Overpolicing should not be present on our campus
Police presence on campus makes students and community members feel unwelcome.
Police presence on campus makes students and community members feel unwelcome.
After the decision to simultaneously bring the Los Angeles Police Department to USC and close our campus to the surrounding community, President Carol Folt made the University a hostile place for many students, staff, faculty and community members. These decisions not only prevented students from speaking freely on campus through demonstrations but also cut off the surrounding community from a staple in their neighborhood, which created an even deeper divide between USC and the South Central community.
While overpolicing should be criticized wherever it happens, the overpolicing of USC’s campus is particularly heinous. Situated in South Central with a majority Black and Latine population surrounding the University, the unprecedented number of LAPD officers on campus made the surrounding area immeasurably more dangerous for residents of color, who are stopped, searched and arrested by LAPD far more than their white counterparts, according to a 2008 study by the American Civil Liberties Union of Southern California.
For Folt to bring LAPD to remove the encampment protesters in the name of campus safety was a complete farce. If Folt truly cared about “campus safety,” she would not have used police to escalate tensions on campus and brutalize students. She would have continued to meet with the encampment leaders including the Divest from Death Coalition and found collaborative solutions to her problems with the encampment.
For a school that strives to make its campus an ethnically and racially diverse place, this lack of care for students and community members was disappointing — but not shocking. Over the years, USC has continuously made decisions without consulting members of the South Central community, demonstrating that the University doesn’t care about how its actions affect the community around it.
One of the biggest examples of this was the choice to overhaul USC Village and turn a place once full of local businesses into student housing. USC Village formerly consisted of locally owned and affordable businesses which were replaced by more expensive counterparts such as Target and Trader Joe’s.
The overpolicing over the past few weeks has made underrepresented groups, and especially Black and undocumented students, feel wary about coming to campus. A Tulane University study conducted using public school students from New Orleans during the 2018-19 school year found that the majority of Black students do not feel safer with police presence. For undocumented students, they fear that run-ins with police can lead to surprise deportation. Forty-eight percent of Black Americans do not trust police to treat Black and white people equally, according to a 2020 PBS NewsHour-NPR-Marist poll.
USC students of color are no strangers to the brutality and harm that police perpetrate against people of color, so to subject them to unnecessary encounters with police on their own campus is just plain cruel. These communities are often the targets of state violence at the hands of police. Folt’s unnecessary show of force has made campus an unsafe place for students of color and undocumented students and completely ostracized them from campus facilities and campus life during what should be a time of celebration.
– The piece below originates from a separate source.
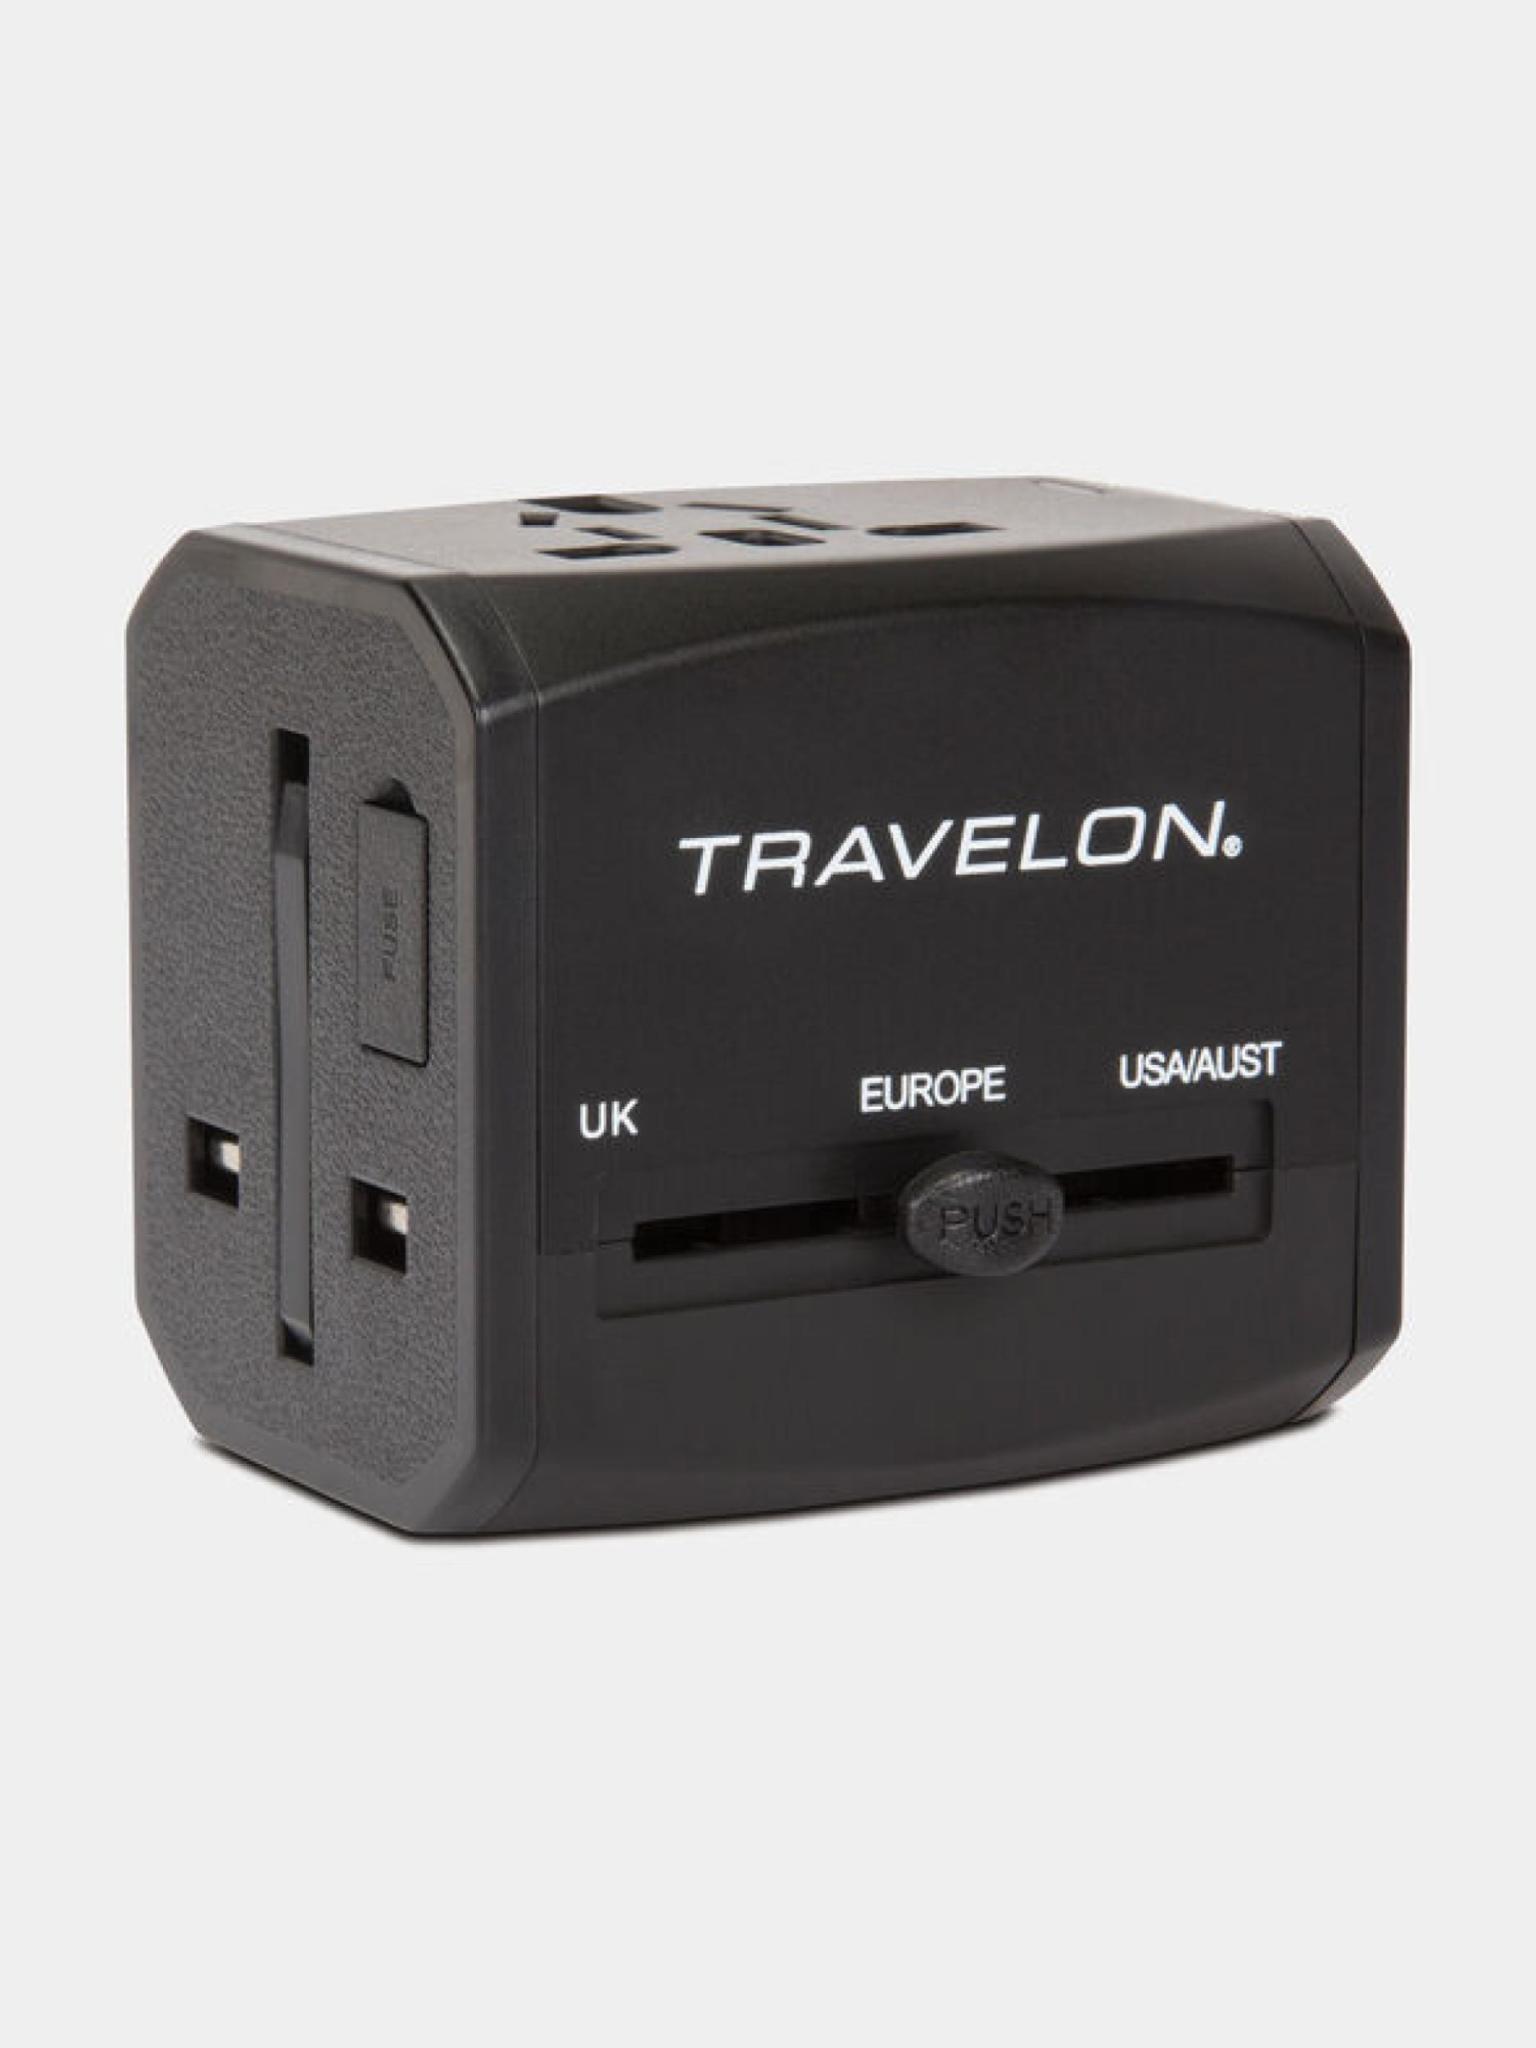 Travelon USB Universal Power Adapter Type C
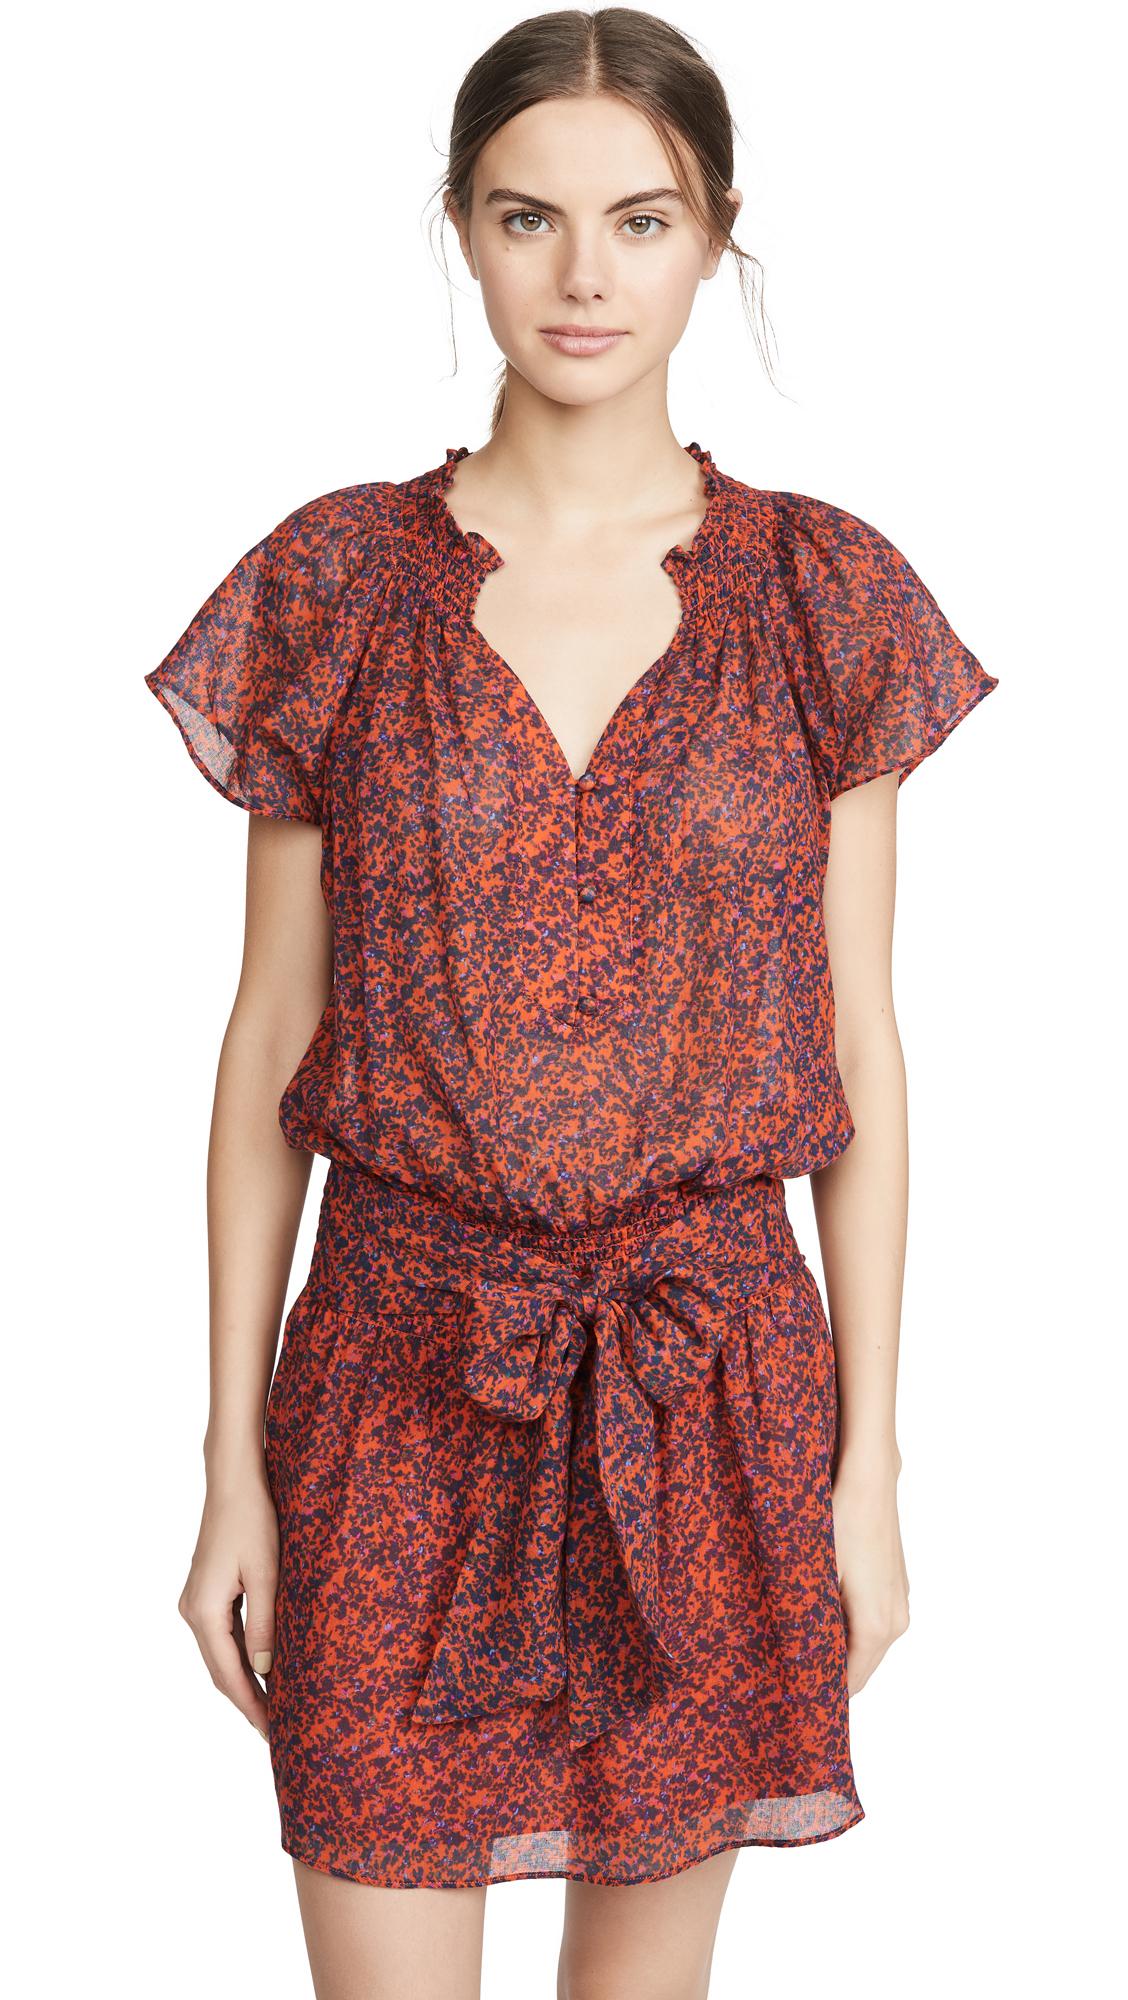 Parker Frisco Dress - 30% Off Sale

Instead, this graduation season has become a time of anxiety, with many students feeling unwelcome on the campus that they have called home for four years. DPS officers scanning student IDs for access to campus and searching backpacks upon entry conjure up images of Transportation Security Administration lines at airports — which is not something that is usually associated with the end of a school year. With these extra security checkpoints, some USC students, staff and faculty experienced racial profiling, with several Black Faculty in Residence being denied entry while a white faculty member was allowed in.
From helicopters constantly flying overhead during my German final exam to long lines waiting to get to campus, these things compromised my ability to learn far more than any protest ever did. I can confidently, and without reservation, say that the pro-Palestinian encampment and protests on campus posed significantly less risk and distraction to me than the LAPD.
With that, I hope — no, I implore — Folt and any future University president to not choose to bring police onto campus in response to peaceful student protests. This egregious show of force in the name of public safety did not make USC safer and instead put the most vulnerable of our students, staff, faculty and surrounding community at risk. USC must do better.